A Short History of Monopoly
by Tim Darling (email)
- January, 2008; (Return to main Monopoly page)
Background: Big Business versus the Working Class (1890-1910)
The time during which Monopoly was born and grew up spanned one stock market crash (in 1893) to another (in 1929).
After the 1893 stock market crashed, unemployment among the working class rose significantly.
The U.S. Treasury ran out of gold and was forced to sell high-yield bonds to J. P. Morgan and the
other Wall Street monopolists at low rates.
Debt-ridden farmers called on the government to initiate an income tax to make taxation more
fair to lower-income households (they finally did with the 16th Amendment in 1913), among other reforms.
President McKinley's 1896 campaign was paid for by big business and he was unpopular with the working class,
who favored his opponent, Williams Jennings Bryan. But business had the money and the power
in the country and McKinley was elected on a tickey simply promising to do nothing and to make no major changes.
During this time, Teddy Roosevelt who was well-tuned to the popular sentiments,
was stirring up trouble as an anti-corruption and tax-levying governor from New York.
He was added as McKinley's Vice-President in 1898 simply to put him in a position that officially had no power.
But in 1901, Teddy Roosevelt became president after McKinley's assassination by
Leon Czolgosz. Czolgosz's last words before his execution by the state were
"I killed the President because he was the enemy of the good people -
the good working people. I am not sorry for my crime."
With his new power, Roosevelt proceeded to take a big stick to the major monopolies of the day:
Rockefeller's Standard Oil, J. P. Morgan's banks, and Cargenie's steel.
He pushed enforcement of the 1890 Sherman Antitrust Act.
Still, the economy was slow to recover and the public became disillusioned with
capitalism. Lenin's 1917 Bolshevik Revolution guaranteed capped working hours
and salaries to all of its workers while many struggling American workers began
to question whether capitalism was right.
After the Great Depression of the 1930s, many people thought that capitalism had failed
and that it was only a question of how government would regulate it.

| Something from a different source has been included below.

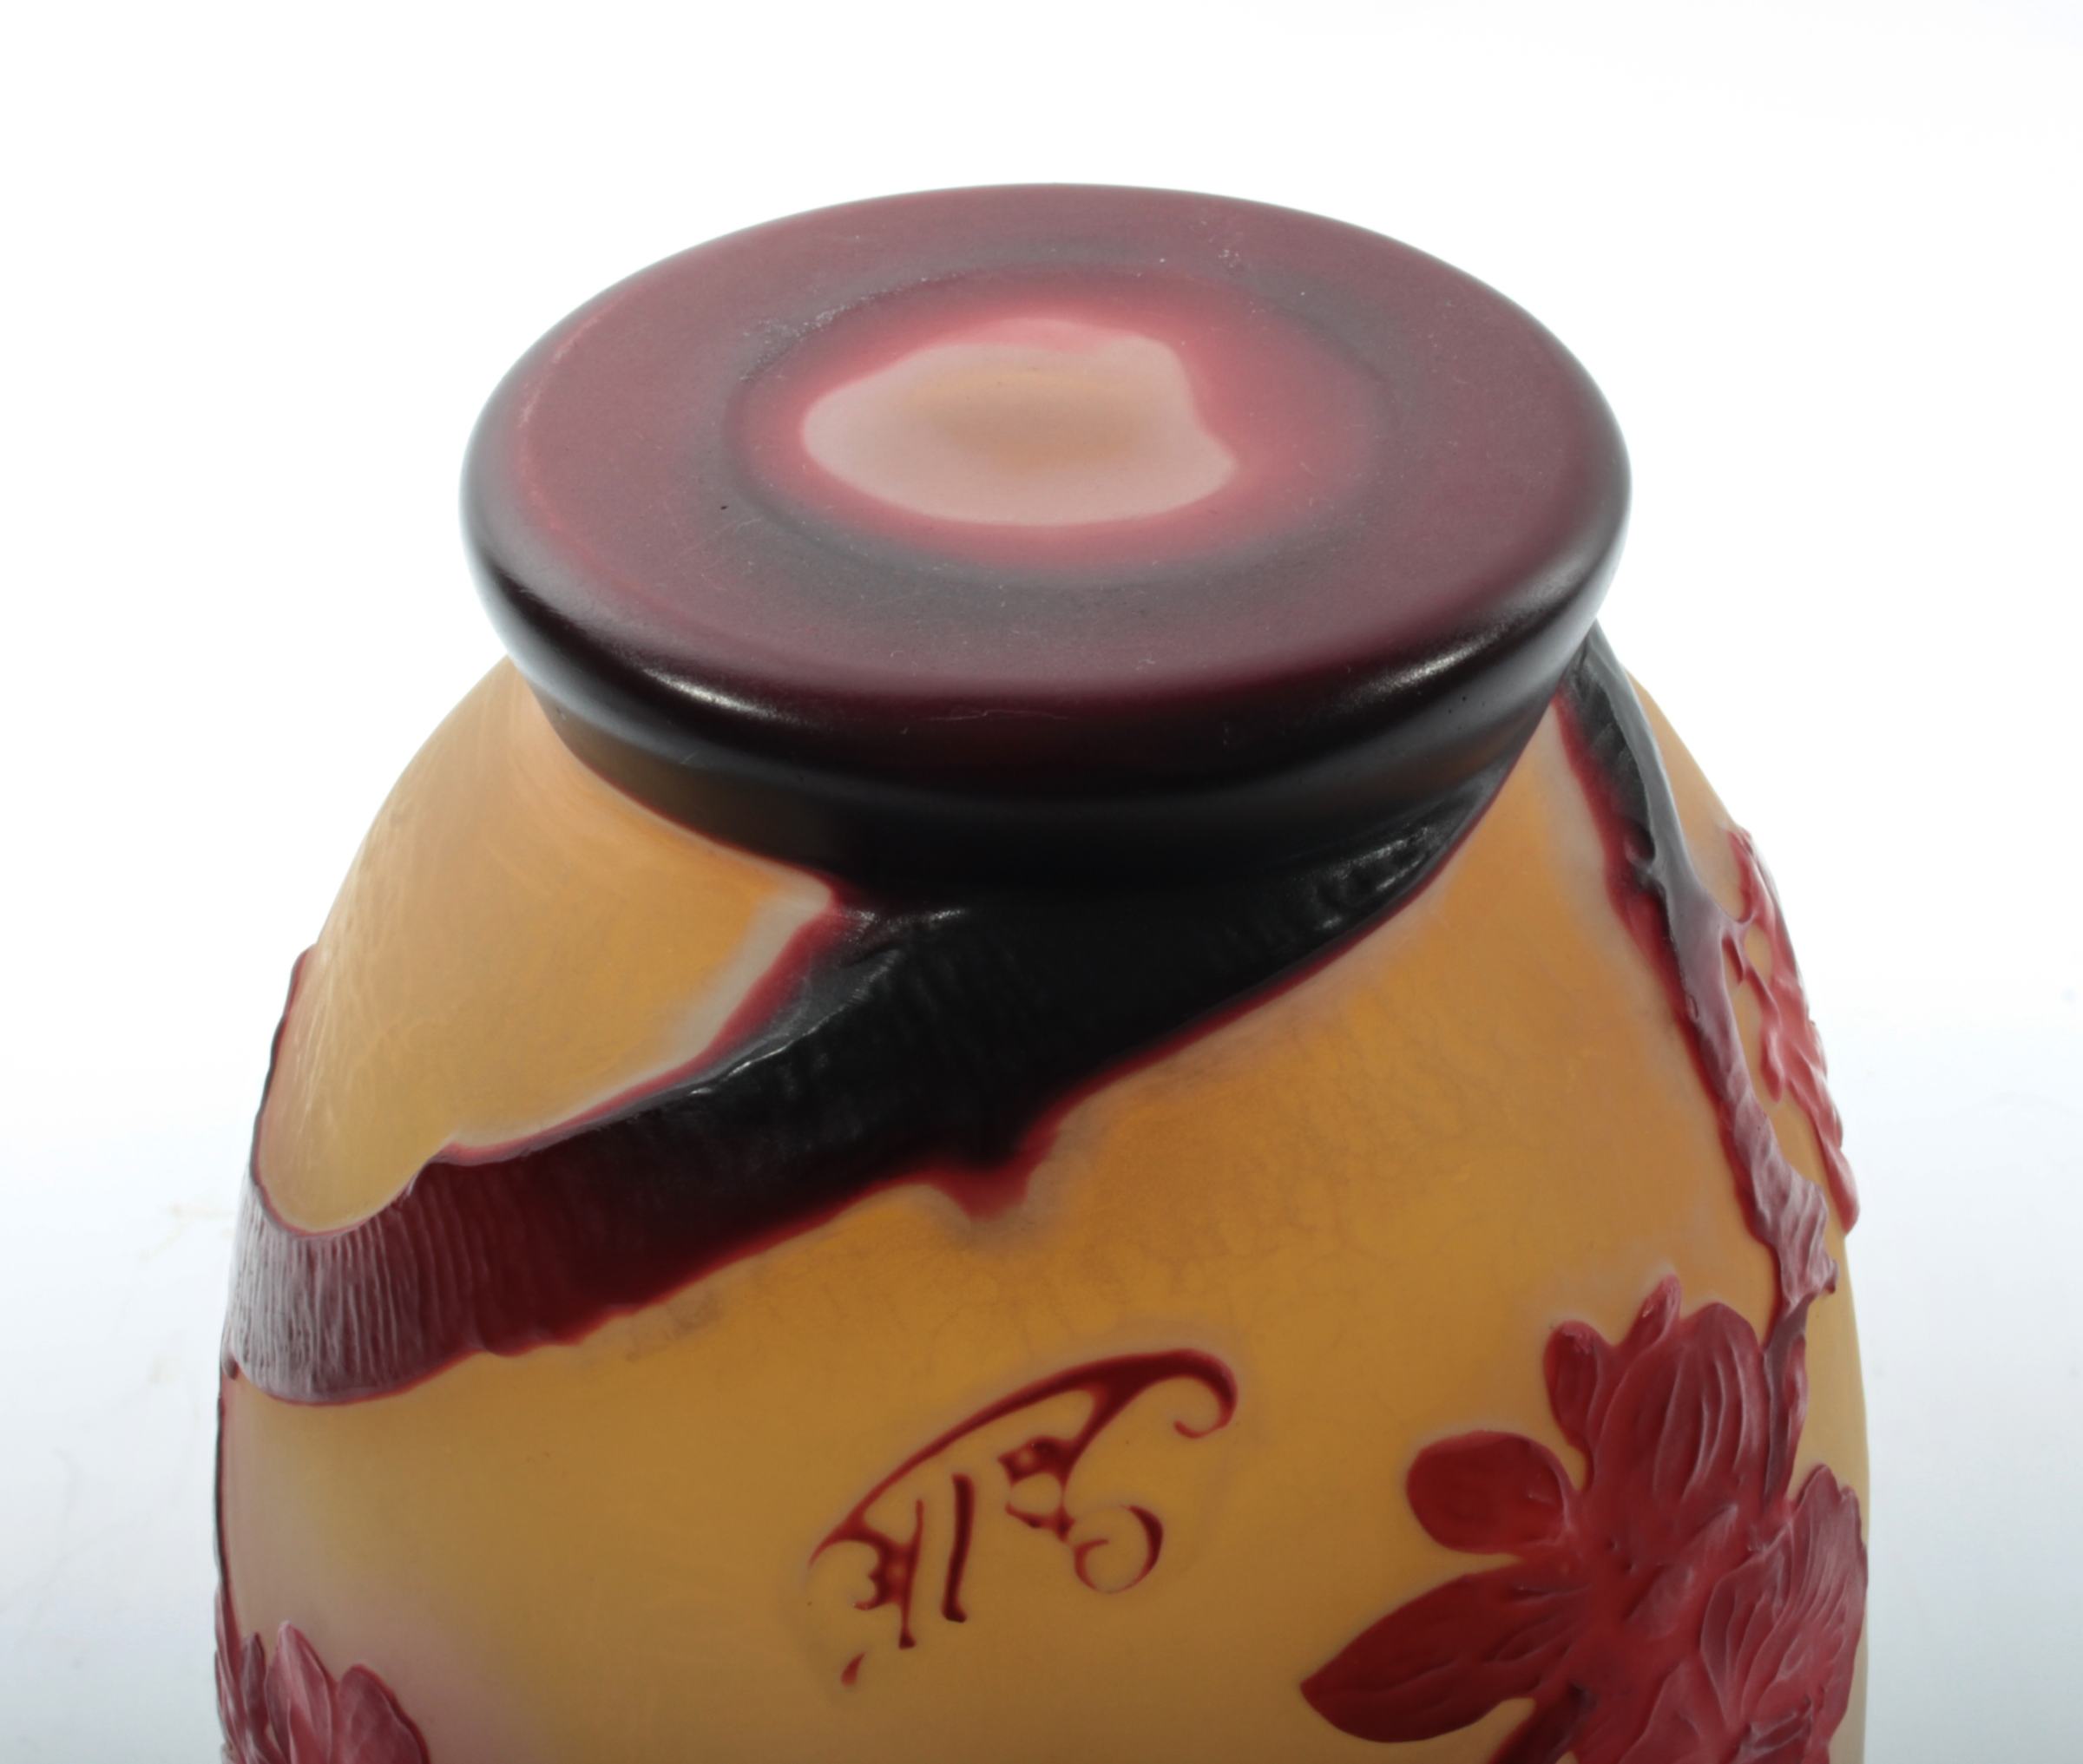 French Art Nouveau Fleurs de Pommier Cameo Glass Vase by Émile Gallé

Milton
Friedman and his wife were among the lone voices during this time arguing that democratic capitalism
was right (and Marxism was not). They famously claimed that freedom was the equality
of opportunity and not of outcome.
And similarly, it is because everyone is equal and hopeful
at the start of a Monopoly game - but not at the end - that we play it time and time again.
Monopoly is born, travels to Columbia University, Atlantic City, and then the world
It was during this era of disenchantment that Elizabeth Magie invented "The Landlord's Game"

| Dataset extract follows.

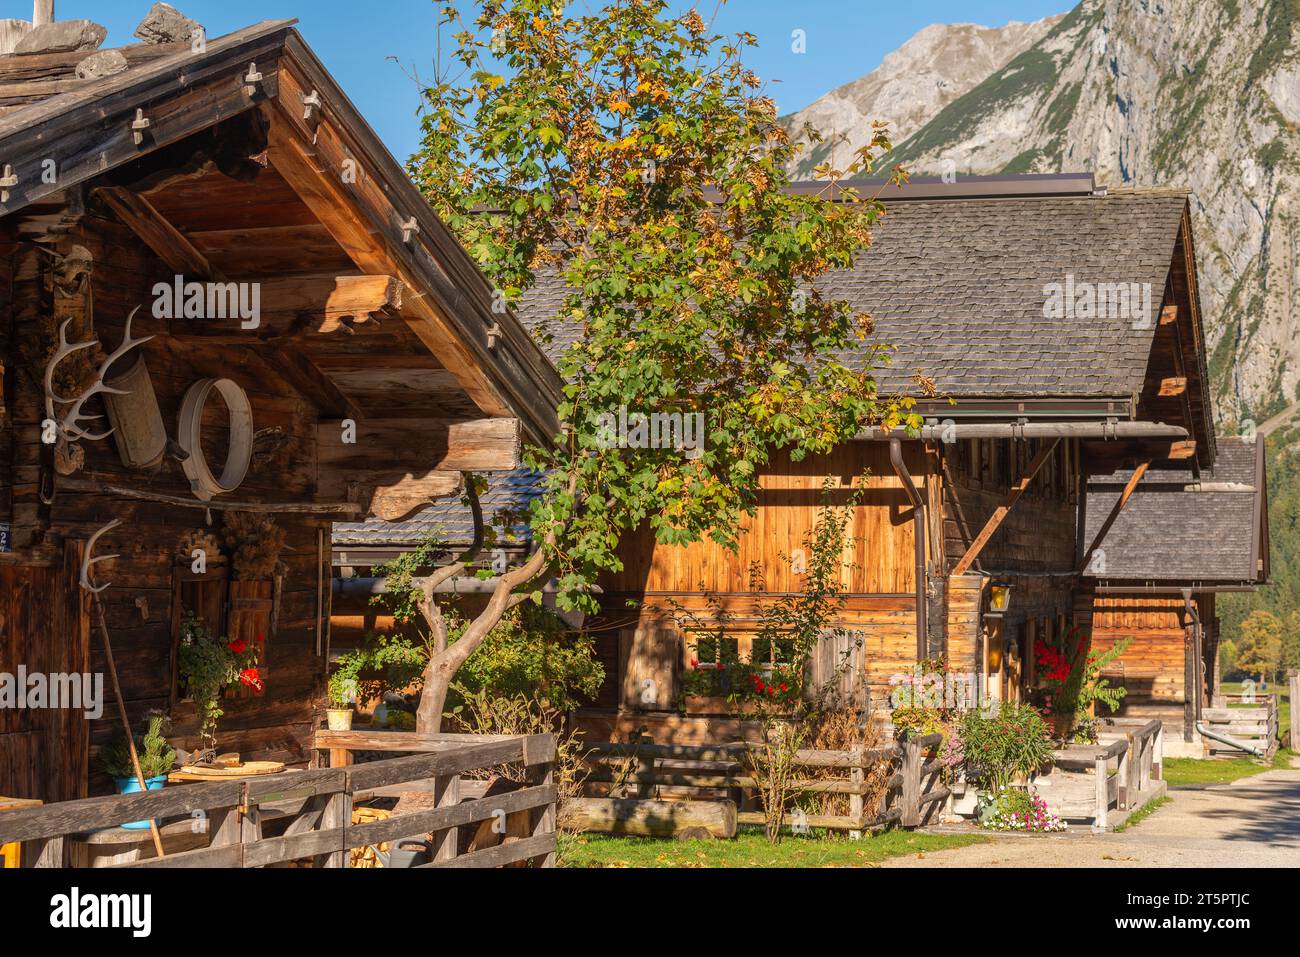 Villaggio alpino di Ing a 1227 m nella Valle dell'Ing, Parco naturale Karwendel, catena montuosa dell'alta montagna, Tirolo, Austria, Europa Foto Stock

and applied for a patent for it in 1903. Magie's game was politically-charged. She meant to
demonstrate how the accumulation of land allowed the rich to get richer at the expense of the poor.
The game reflected the economy of the time: there was virtually no tax on land or income and
you couldn't buy a property to get a start in the race unless you could afford to pay
the full purchase price up front (mortgages were not available at the time to help buyer's
amortize the costs over a long period, as is true in the game).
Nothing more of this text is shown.